1) Basidiomata of moderate size (pileus 10-30 mm broad; stipe 40-60 × 0.5-1.3 mm); 2) stipe brown or orange brown upward, midsection off-white, downward mahogany to red-brown, glabrous; 3) pileipellis at pileus margin with inflated hyphal termini and broom cell-like cells; 4) spores ellipsoid to amygdaliform, Lm = 9.0 µm; 5) strong garlic odor and taste; 6) distribution in Europe and North America (rare on North American west coast).
Description.
Basidiomata (Fig. 70) of moderate size. Pileus (3-)10-30 mm broad, almost hemispherical when young, convex with slightly raised disc, then convex to almost applanate, even to slightly depressed on disc, smooth, glabrous to subglabrous, hygrophanous; disc neutral brown, "sayal brown" 6C5, “cinnamon” 6B5, brownish orange 6C4, when moist brown, yellow-brown or ochre, sometimes paler towards margin; margin slightly involute then more or less straight, undulating, distinctly pallescent on drying to pale brown 6D5, pale ochraceous, "pale ochraceous buff" 4A2, "pale pinkish cinnamon" 6A2, pinkish, "pinkish buff" 6A3, or dirty white, smooth or slightly radially rugulose, even subsulcate when old.
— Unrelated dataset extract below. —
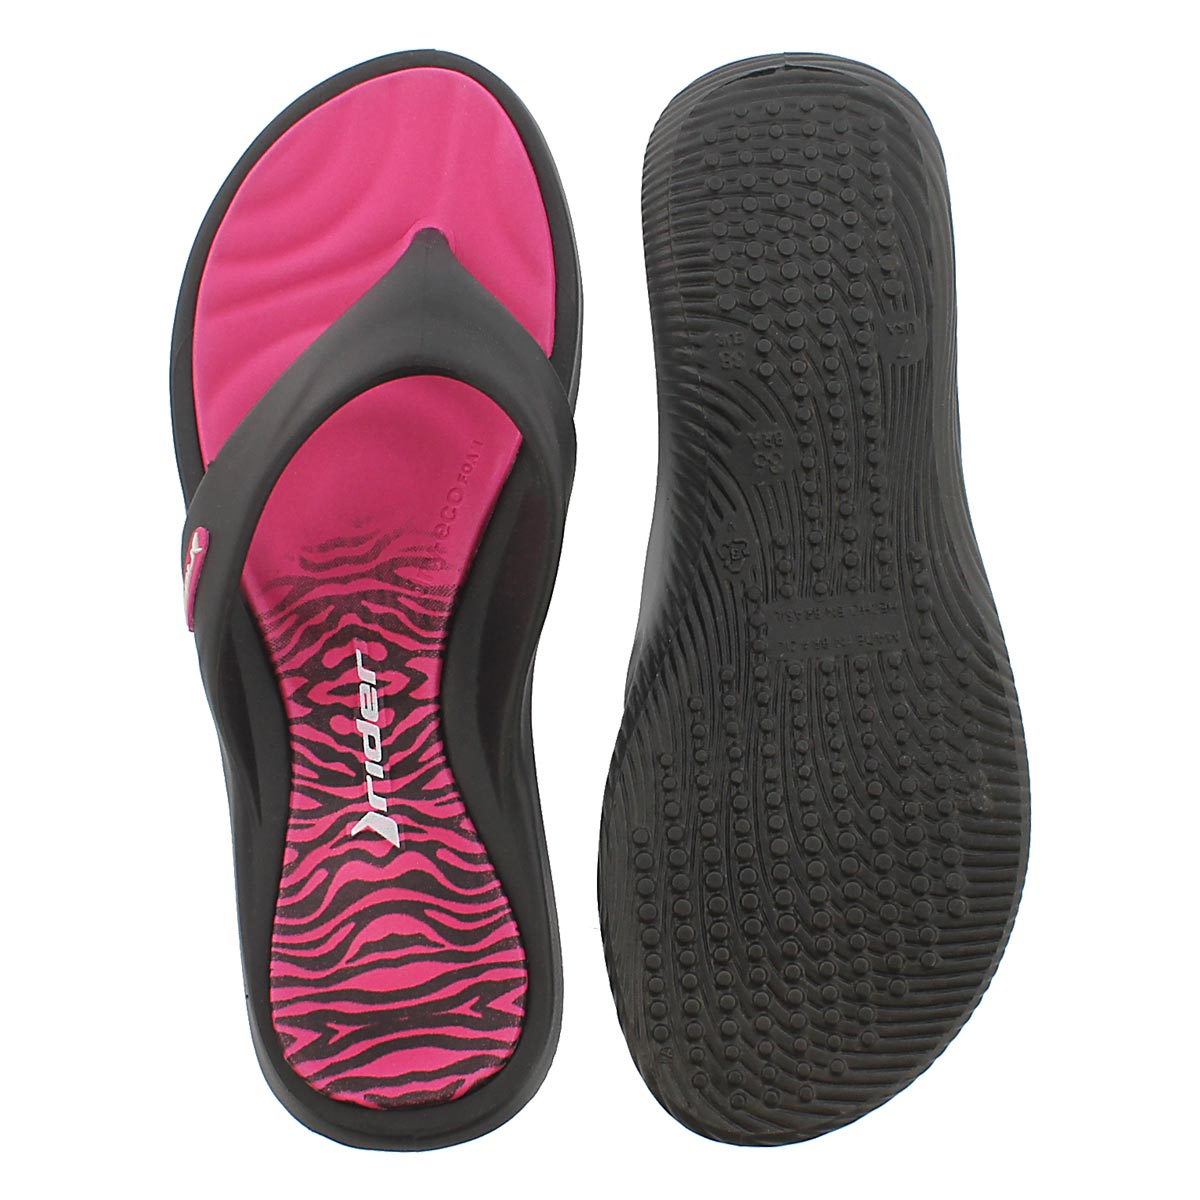 Lds Island VII pink thong sport sandal

Lamellae adnexed to adnate to a thin pseudocollarium which becomes most visible with lamellar secession in drying, subdistant, close to crowded, total lamellae 38-48, through lamellae 15-20 (in robust form total lamellae 72-97, through lamellae 27-32), slightly intervenose when old, narrow (lamellae -1.5 mm broad); white to orange white 5A2, near "pale ochraceous buff" 4A2, "pale pinkish cinnamon" 6A2 to off-white when fresh; frequent necropigment upon drying and storage to dusky cantaloupe color with a hint of pink to make "light ochraceous buff" 5A4 to "pinkish buff" 6A3; lamellulae in at least two ranks, often rudimentary; lamellar edge concolorous with lamellar face, minutely pruinose. Stipe (15-)40-60 × 0.5-1.5(-3) mm, terete to slightly compressed, often slightly broadened apically, sometimes tapering gradually downward, hollow, often appearing insititious, but usually with poorly developed basal disc or basal mycelium, glabrous to sometimes delicately pruinose at apex only, pallid to pale brown at apex, "tilleul buff" 7B2, drying to "cinnamon buff" 6B4, brownish orange 6C4, downward off-white becoming brown, "sayal brown" 6C5, dark reddish brown 7F8, mahogany, "Verona brown" 6E5, or orange-brown, "Brussels brown"6E6, "Mikado brown" 7C6, "mummy brown" 6F8 towards base, with fine rusty tomentum at base. Context thin, white to pale brown. Rhizomorphs not reported. Odor weak to strong of garlic, rarely lacking; taste usually alliaceous.
Habitat and phenology.
Clustered to gregarious, not fastidious of substratum for fruiting, coniferous needles, various dead deciduous leaves from forest trees ( Fagus , Quercus , Alnus , Acer , etc.) and heaths; widely distributed through Europe including western Russia, Scandinavia, northern Africa and eastern North America (see Antonín and Noordeloos 2010), reported as rare in California; Autumn.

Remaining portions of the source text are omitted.